It was quite apt that when we said goodbye a few kilometers outside Nijmegen the rain started, although it never got particularly heavy it was enough to dampen the spirits somewhat. For reasons I can't quite explain, we began to find ourselves temporarily misplaced [I refuse to say lost because I knew with some certainty that we were in the NL]. The first part of our route went Grave, Zeeland, Nistelrode, Heeswijk Dinther, St Michielsgestel, and after that it was pick up a canal and then through a forest. Easy peasy, except we lost the plot in Grave [aptly named]. It might have been because at some stage along the way we caught sight of a group of roadies ahead of us so we er, gave chase and let me say here and now it wasn't my idea [ouch!]
After many, many consultations with the map we eventually made it to the canal, the sun was shining again so we stopped at a convenient picnic table and had lunch. The rest of the journey consisted of many miles along a canal and then best of all was this incredible strip of tarmac through a forest, as smooth as you like and quite surreal.





We approached Breda through Dongen and because of the way Breda was laid out it was actually quite easy to find the street we wanted........however, within this street were three or four very smart rows of houses and five tower blocks. They are not really leaning honest.




The house number we wanted was quite high, in the five or six hundreds and we quickly eliminated the "normal" houses, we just couldn't quite see how it could be a tower block though, could it? We cycled round to one of them and sure enough there on the list of occupants was our hosts name, 10 floors up! We had also noted in the communal garage opposite were his and hers Porsches, these were not cheap apartments. After being shown how, we rang the bell and a cheerful female voice answered saying she would come down.
To cut a long story short, our bikes were taken down [in a bike shaped lift!] to a basement room and we were whisked up to the most amazing apartment overlooking the city and in the distance we could even see the wind turbines in Belgium. Our hostess was an artist and the apartment was full of her work, we sat and talked for ages, unfortunately my stomach was rumbling so once again we set off to walk to find our evening meal in Breda and explore a little.
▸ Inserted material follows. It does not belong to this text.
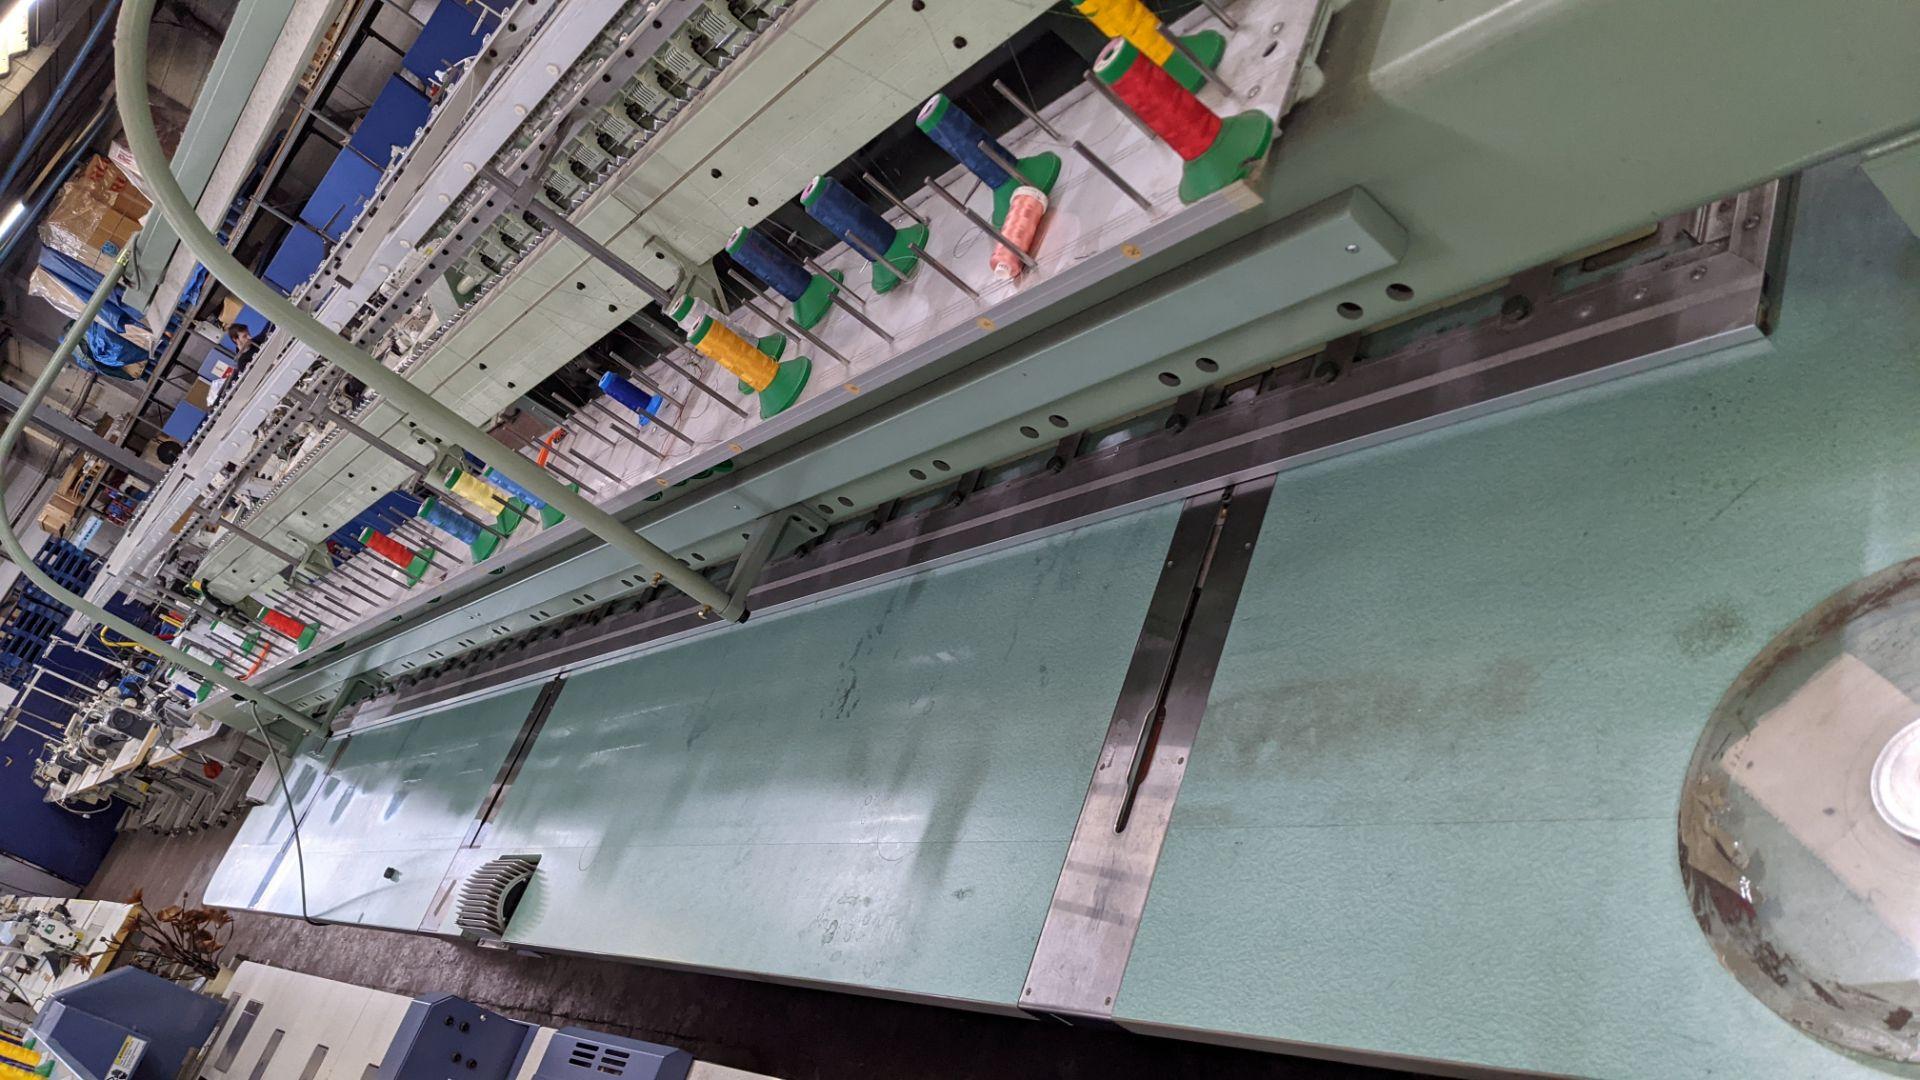 Tokai Tajima electronic 20 head automatic embroidery machine model TMEF-H620 - Image 20 of 25

This church was so big I couldn't fit it all into the viewfinder




Whenever we looked for somewhere to eat there was always a lot of choice, sometimes too much and we often spent too much time wandering from one menu to the next when all we really wanted was a bloody great pizza or a heap of pasts with a beer and a glass of wine.
Some of Breda's cafes




There was never a feeling that any of the restaurants / cafes were too posh or expensive, no one arrived by car simply because they were never allowed in the town / city centers, everyone either cycled or came on foot so there was never a feeling of "not belonging".
Back in our exclusive lodgings we talked and drank coffee before heading off to bed with the sad knowledge that this was to be our last night in the NL
Our mileage to date




Next and last, a Star Fortress city, a tiny ferry, a big ferry, a mad German and home.


----------



## Hill Wimp (16 Sep 2013)

Excellent once again.


----------



## totallyfixed (16 Sep 2013)

Apologies for Part 5, it was meant to be the last but we were so tired after travelling back from the hill climb up north it was all I could do to stay awake, will try and finish tonight.


----------